Biografía: Narrador Chileno. Más información del autor en http://emiliovilchespino.blogspot.com/


¿Cristal, Pilsen o Cuzqueña? por Orlando Mazeyra Guillen
Publicado originalmente en Cinosargo el 09/10/2009

TODAVÍA me parecía mentira que habíamos llegado hasta allí para que el enamorado de Patricia y yo nos
conociéramos. Patricia fue la primera en ingresar, la siguió el gordo y yo le puse fin a esa fila india saludando
a Paco antes pisar el bar. El amplio local, como siempre, se insinuaba lóbrego y plagado de coloquios frívolos
que expelían licor y tabaco, sólo quedaban un par de mesas libres. Al fondo, en el extremo izquierdo, había un
tipo que nos daba la espalda, estaba acodado en el mostrador y platicaba animadamente con el «tío
Leopoldo» —así llamábamos cariñosamente al dueño del local; lo único que sabíamos de él era que había
nacido en Rosario, Argentina y que radicaba en el Perú desde hace aproximadamente unos cinco años atrás,
por motivos que él siempre se empeñó en ocultar con obstinación puritana—; mientras éste, instalado en el
banquillo más alto de todo el bar, limpiaba con un paño húmedo algunos de los cuadros que formaban un
abanico de imágenes que atiborraban las amarillentas paredes del local. Dichos cuadros no eran más que
fotos enmarcadas de grandes personajes argentinos: aparecía Carlos Gardel con guitarra y sombrero, Julio
Cortázar fumando un humeante habano, la rugosa imagen de José Hernández tomándose la copiosa barba,
Ernesto Che Guevara con esa mítica boina ornada por una fulgurante estrella solitaria, Diego Armando
Maradona enfundado en la casaquilla azulina del Nápoles, César Luis Menotti con un balón de fútbol apoyado
en su cintura, y otros tantos que no conozco.
—¡Alonso! —gritó Patricia, e inmediatamente el tipo que nos daba la espalda volteó y, sonriendo
efusivamente, abrió los brazos. Ella, abrumada por la emoción, corrió hacia él y justo antes de llegar, resbaló
con el casco vacío de una botella de cerveza que descansaba en medio del suelo, pero él logró atajarla antes
de que ella rozara el suelo.
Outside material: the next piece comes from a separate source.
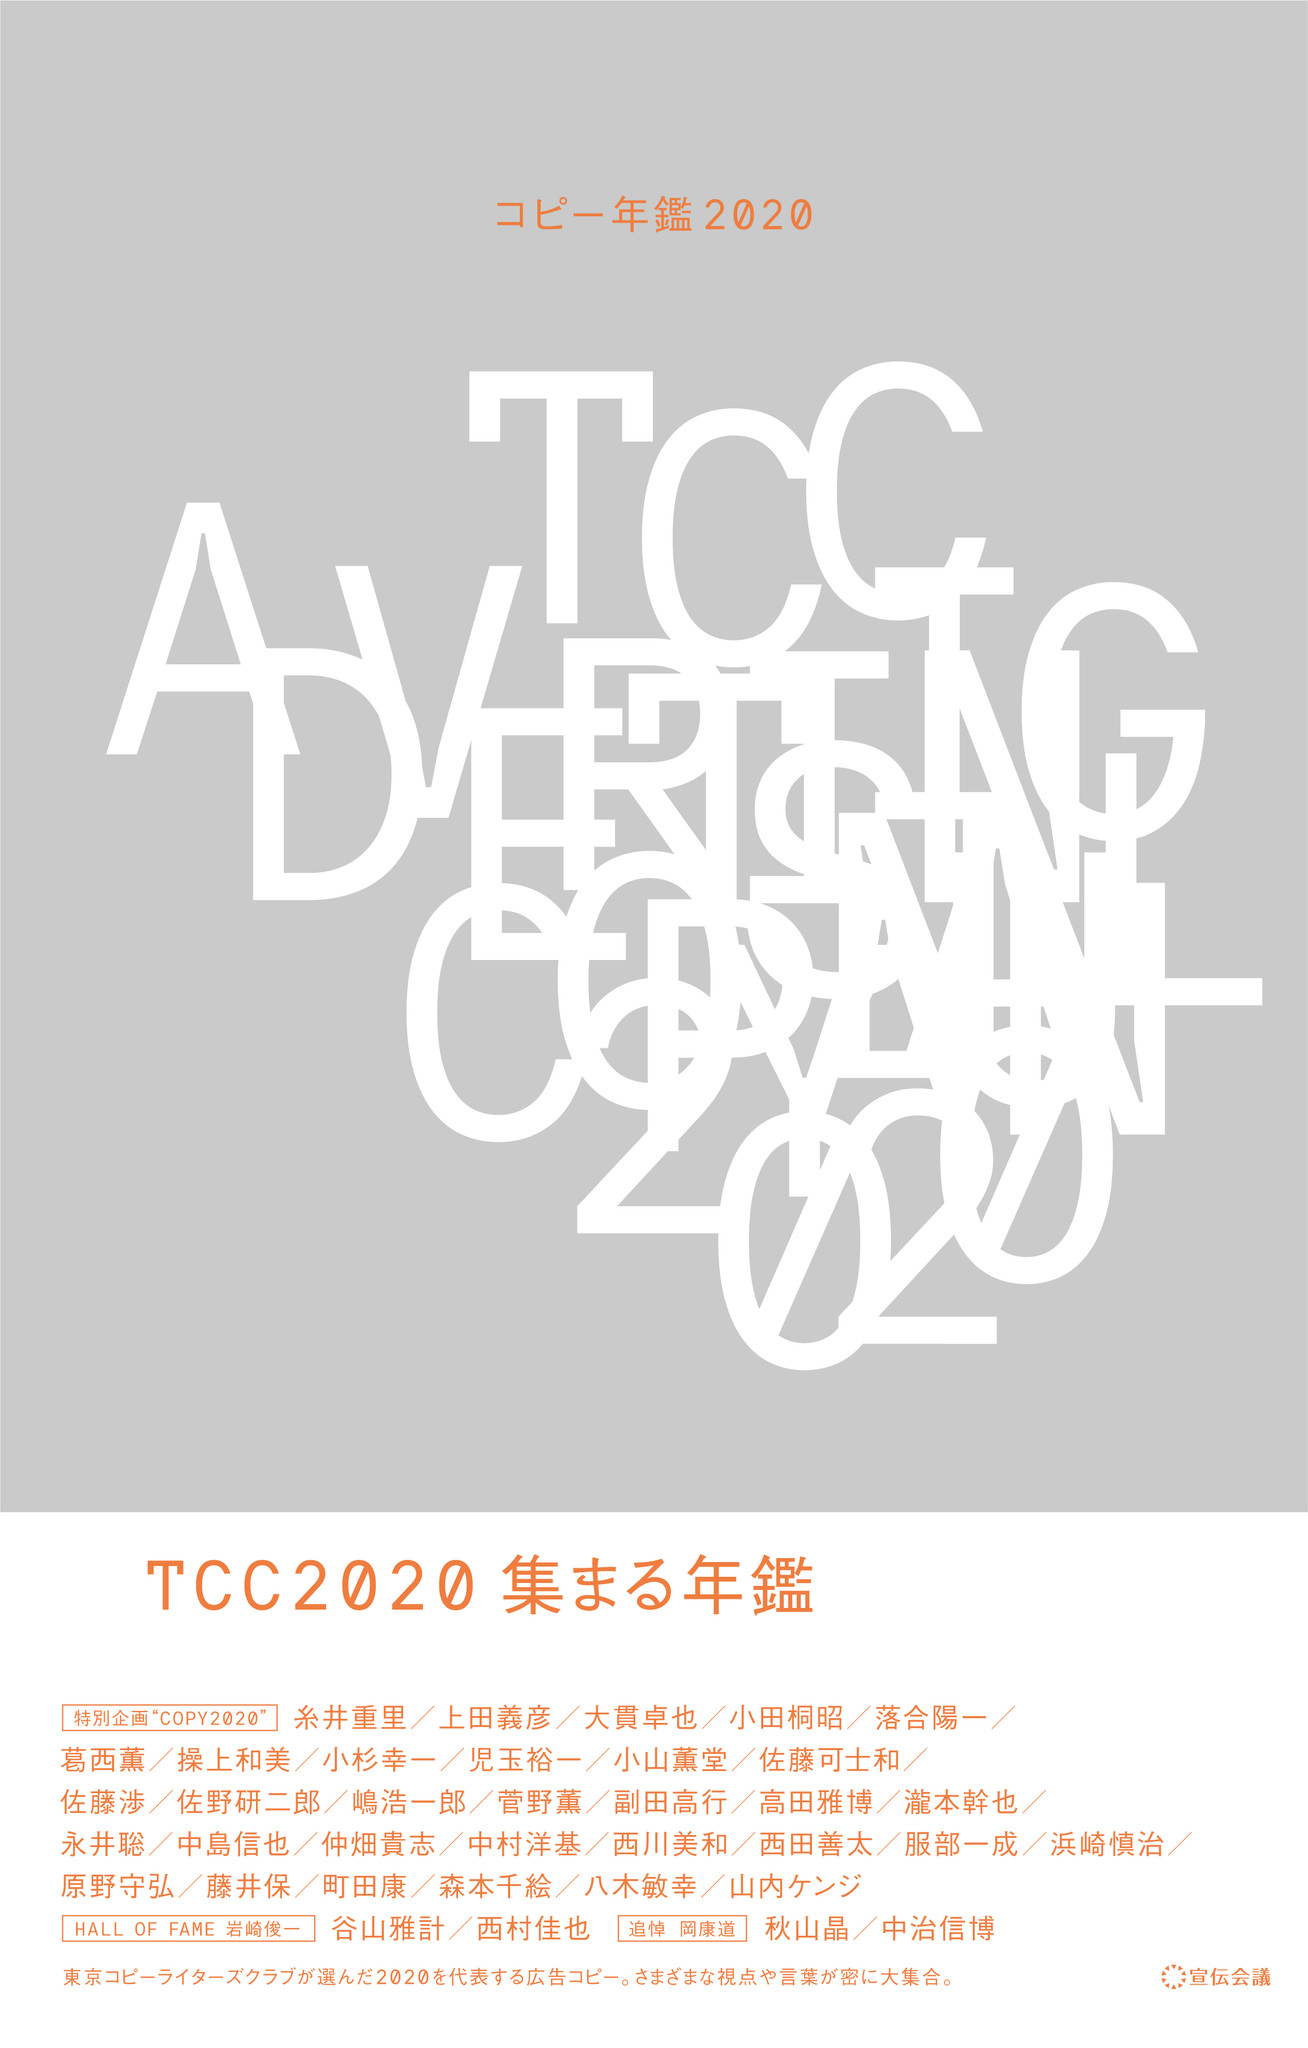 コピー年鑑 2019 TCC 東京コピーライターズクラブ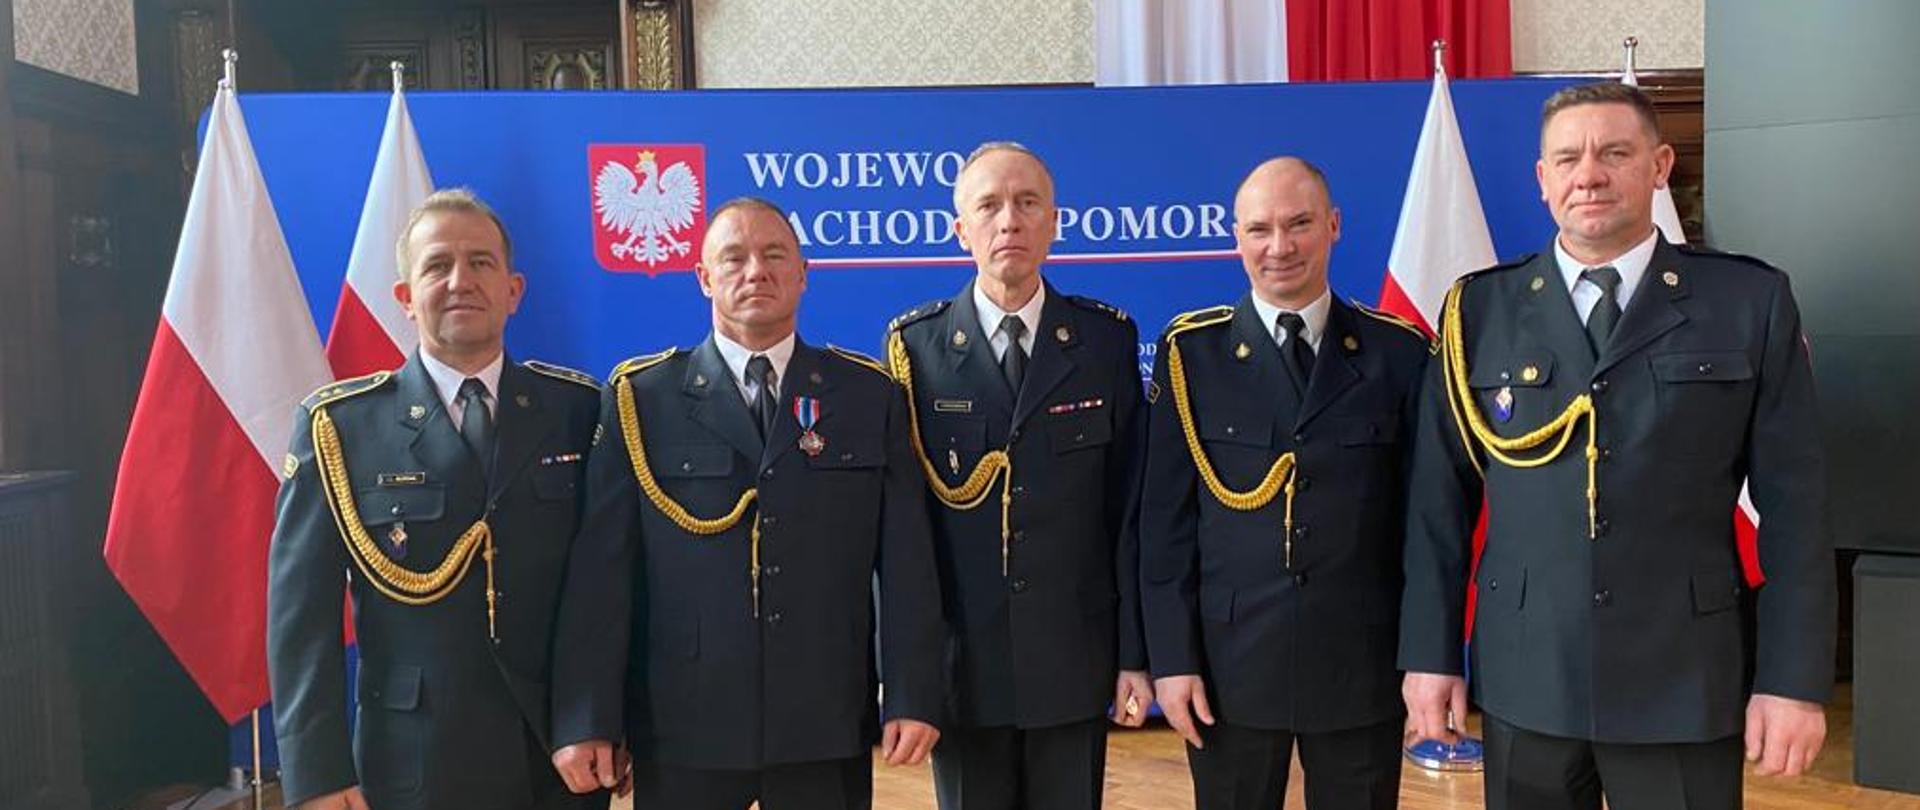 Zdjęcie przedstawia 5 mężczyzn ubranych w mundury wyjściowe na Uroczystości wręczenia odznaczeń, wyróżnień dla funkcjonariuszy PSP oraz Korpusu Służby Cywilnej

La tomó de la cintura, la aferró con violencia a su cuerpo y le dio un beso tan largo
y exagerado que hizo que todos los anónimos bebedores de las mesas del local interrumpieran sus
conversaciones y libaciones para espectar en silencio a la llamativa pareja que, ciertamente, empezó a causar
sensación.
—¡Che, pará de una vez! —le gritó el tío Leopoldo al tipo llamado Alonso, mostrando un gesto complaciente—.
Acaso querés asfixiarla, ¡dejála!, porque le podés arrancar los labios a la pobre mina.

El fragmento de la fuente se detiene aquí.